Posted by: Brooke | August 20, 2012 at 07:30 PM
"is it naive then to expect one's life to be story-worthy in all of its phases and facets? maybe sometimes life is simply quiet." Without even knowing it, you have just released a shit-load of stress off my being & have given me permission to 'be still and know.' Thanks, Brooke.
Posted by: traceykinohio | August 20, 2012 at 05:53 PM
Jo, thank you for always being here. A witness. I am truly grateful. And for your thoughtful, kind insights - always.
Kim, you have been a friend for so long. Each of us moving through eras together, watching and teaching and learning and respecting each other. I'm so glad you are still in my life.
MB, my soul sistah! You are my writing muse. Thank you for teaching me how to be a writer in so many ways.
Posted by: Brooke | August 19, 2012 at 08:17 PM
there is nothing that is not worth writing.
a writer just writes. just that.
i love you.
today my story was folding laundry. over and over and over again. but each crease i learned something new.
Posted by: mb | August 18, 2012 at 11:40 PM
Those two children of yours sure are getting big, Brooke! Their limbs are elongating before our very eyes! It's so adorable how they contentedly sit together sharing company, while at the same time appear engrossed in their own thoughts & activities. I've often thought while reading your blog that all the entries could be put together and made into a book. Your writing is beautiful!

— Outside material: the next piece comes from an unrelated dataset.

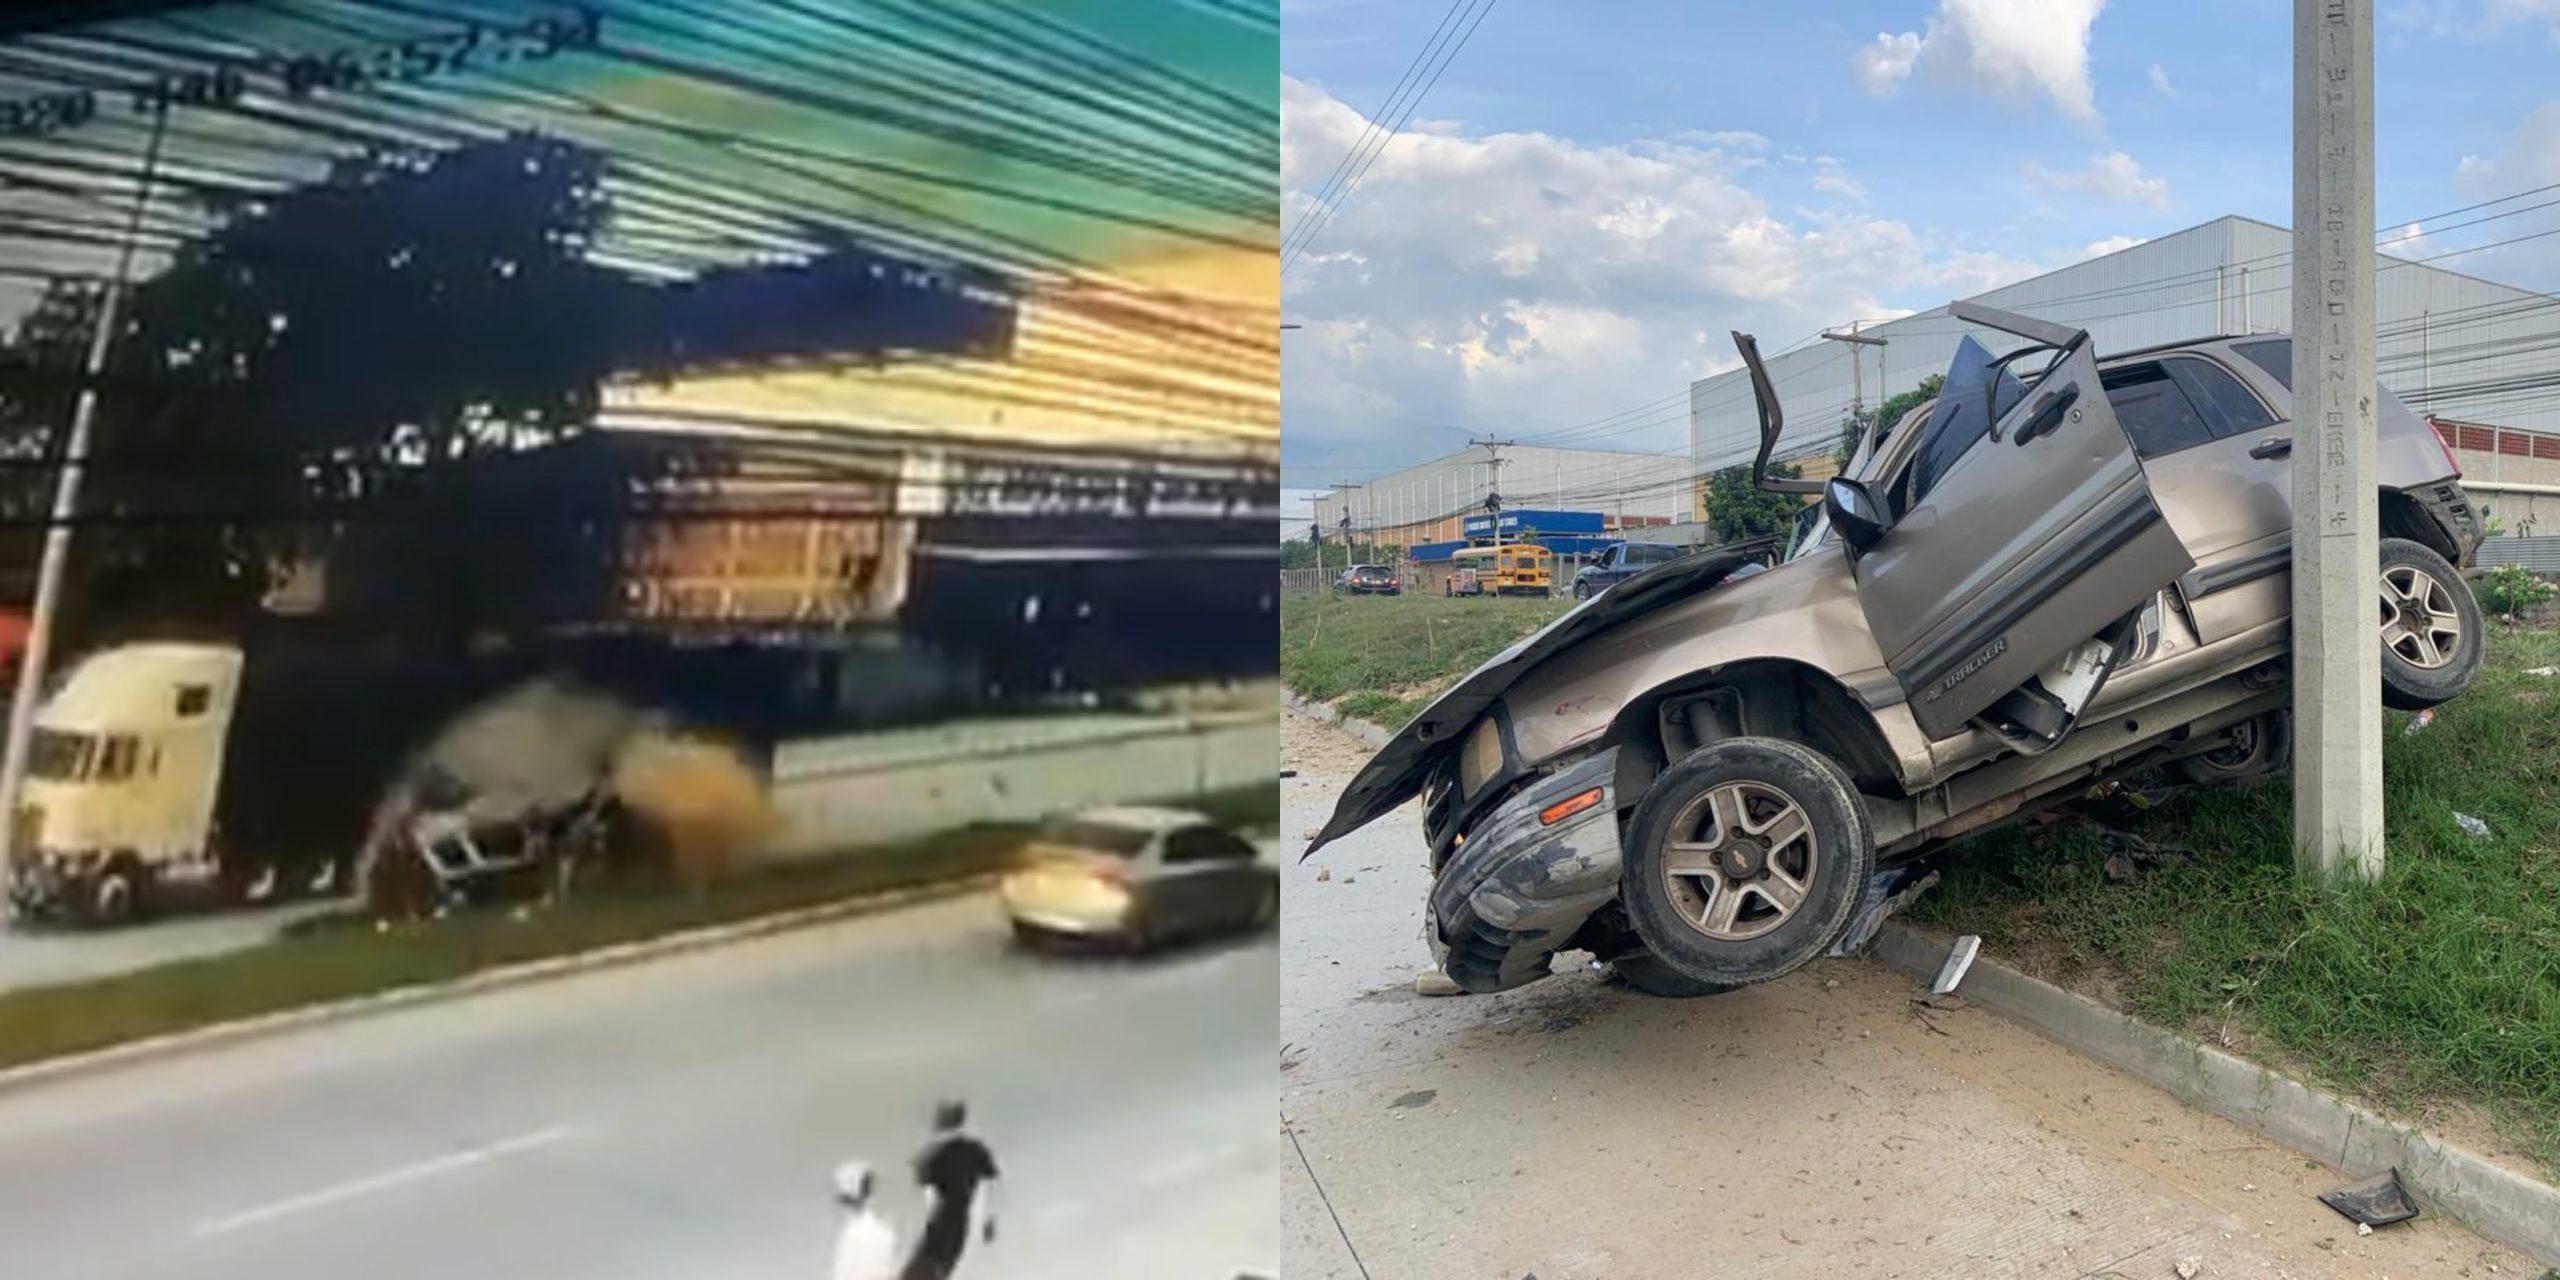 Vídeo capta a una camioneta dar vueltas tras impacto de rastra en San Pedro Sula

Posted by: kim | August 18, 2012 at 11:15 PM
Brooke: You are way cool. I love your stories, and the ebb and flow of mundane versus twilight in your life. You have done some really awesome things as a family the last six years. It is awesome that you are digging in where your roots once were, raising the kids in the place that you grew up. Mundane is a part of life that 'bothers' me sometimes too. But you are right: those are often the moments that make memories if we allow it. It's kind of like planning a super cool adventure for the family on a Saturday and having it go.all.wrong. The kids end up crabby and fighting and perhaps it's not all you hoped it would be. Yet shelling walnuts resonates. I love your blog. I've been reading it since you were pregnant with your daughter. Whenever you write, I'll read :).